9. В отношении коммунистической партии Советского Союза, что думает г. Троцкий о рядовых членах этой партии? Г. Троцкий говорил, что руководство партии не придерживается марксистско-ленинской линии. Думает ли он, что если бы это руководство было устранено, партия шла бы дальше по пути социализации России? До какой степени, по его мнению, Россия уже социализована? Мыслимо ли для русского народа изменить руководство без применения насилия? Если бы изменение руководства было совершенно, не открыло ли бы это Россию атакам других держав? Решился ли бы народ на риск потери того, что он завоевал?

Наши разногласия с руководством так называемой Коммунистической партии СССР давно перестали носить теоретический характер. Дело вовсе не идет ныне о "марксистко-ленинской линии". Мы обвиняем правящий слой в том, что он превратился в новую аристократию, душит и грабит народные массы. Бюрократия отвечает нам обвинениями в том, что мы являемся агентами Гитлера (так было вчера) или агентами Чемберлена и Воллстрит (так гласят обвинения сегодня). Все это мало похоже на теоретические разногласия внутри марксизма.

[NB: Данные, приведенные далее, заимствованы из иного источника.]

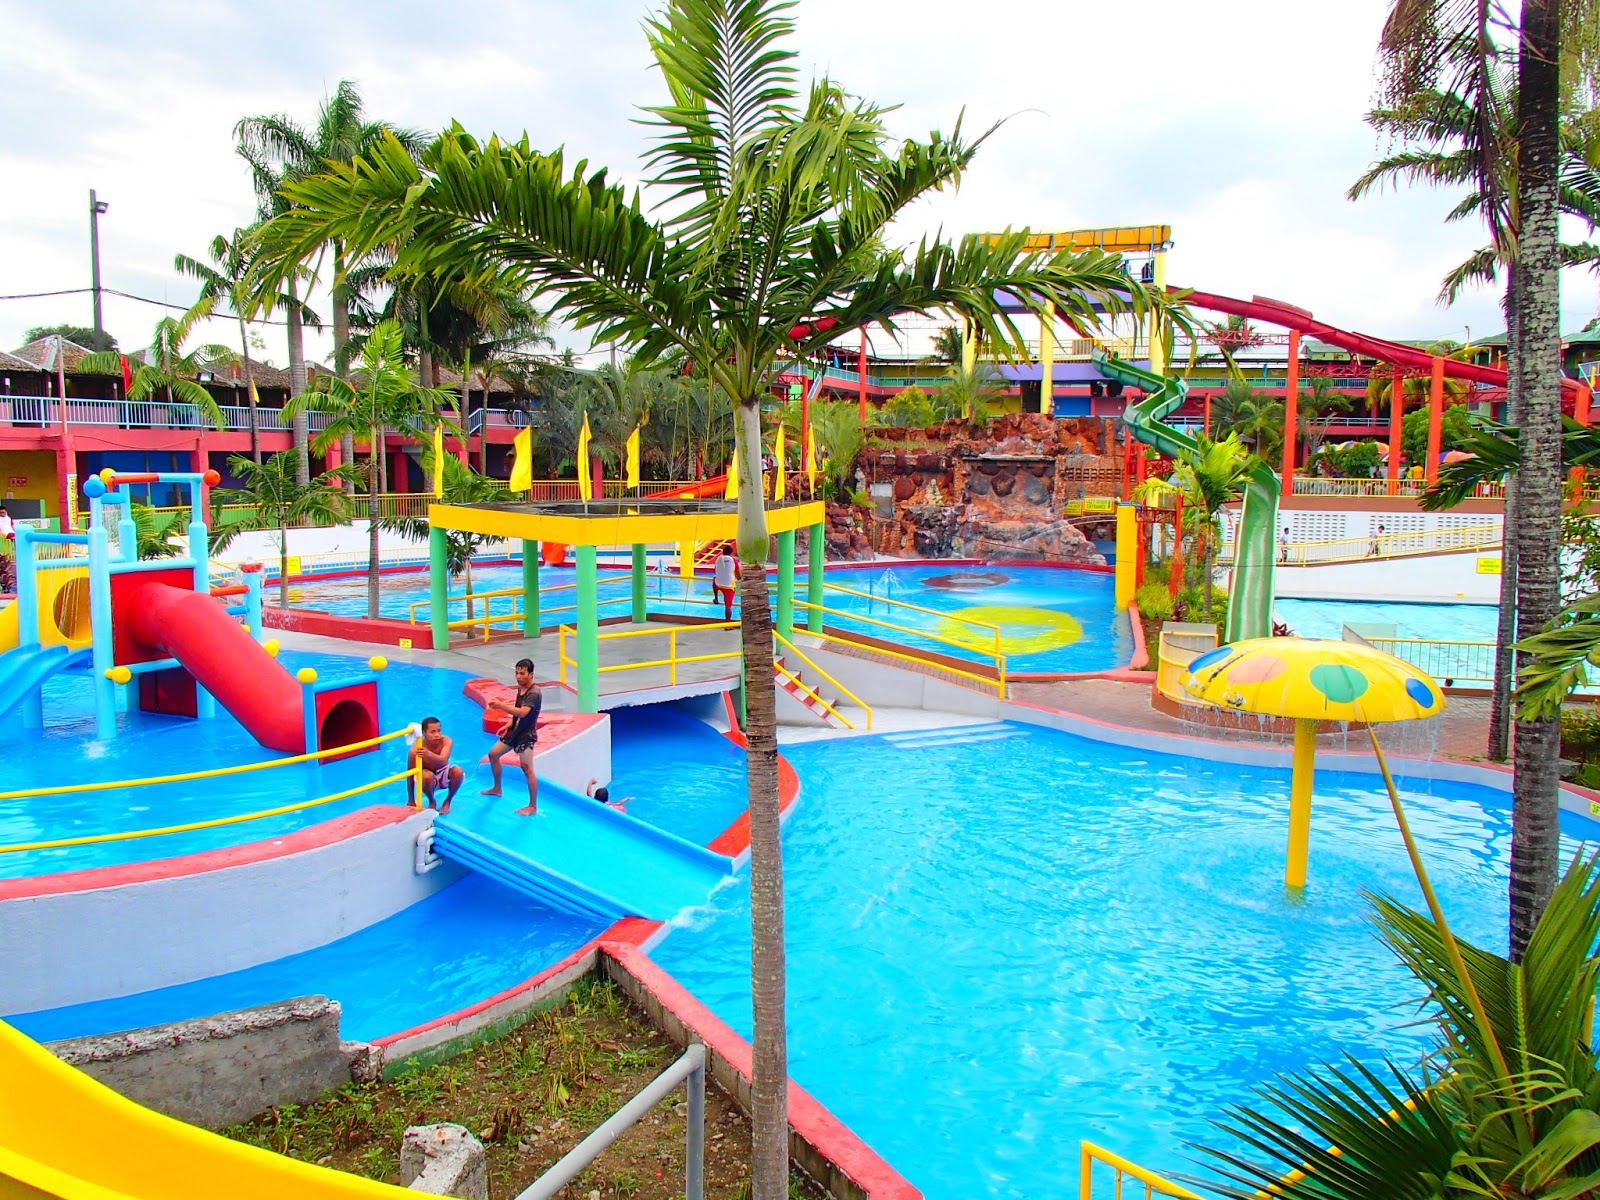 Volet's Resort, Dasmarinas City, Cavite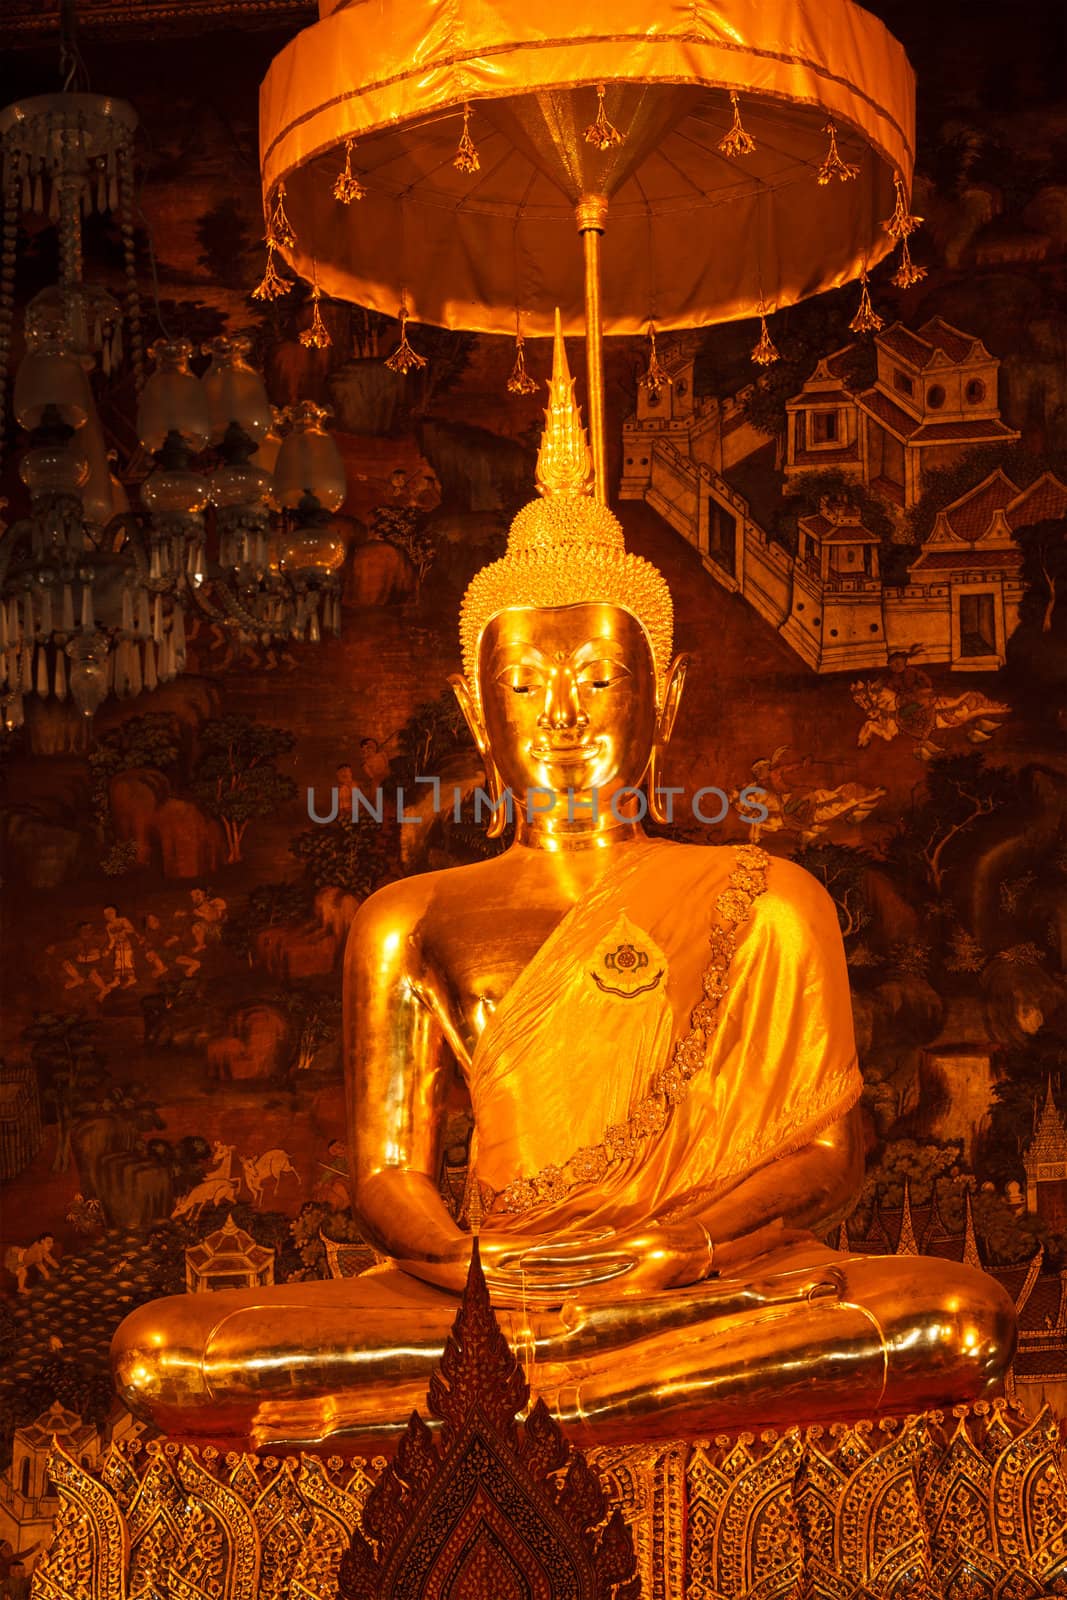 Sitting Buddha statue close up, Thailand by dimol

Серьезным людям давно пора сбросить те очки, которые профессиональные "друзья СССР" надели на нос радикальному общественному мнению. Пора понять, что нынешняя советская олигархия не имеет ничего общего со старой партией большевиков, которая была партией угнетенных. Перерождение правящей партии, дополненное кровавыми чистками, явилось результатом отсталости страны и изолированности революции. Правда, социальный переворот обеспечил крупнейшие хозяйственные успехи. Тем не менее производительность труда в СССР и сейчас еще в 5-8-10 раз ниже, чем в Соединенных Штатах. Львиную долю скромного национального дохода пожирает бесчисленная бюрократия, вторую часть поглощают вооруженные силы. Народ вынужден по-прежнему бороться за кусок хлеба. Бюрократия выступает в качестве распределителя благ, третейского судьи и оставляет наилучшие куски для себя. Верхний слой бюрократии ведет примерно, тот же образ жизни, что буржуазия Соединенных Штатов и других капиталистических стран.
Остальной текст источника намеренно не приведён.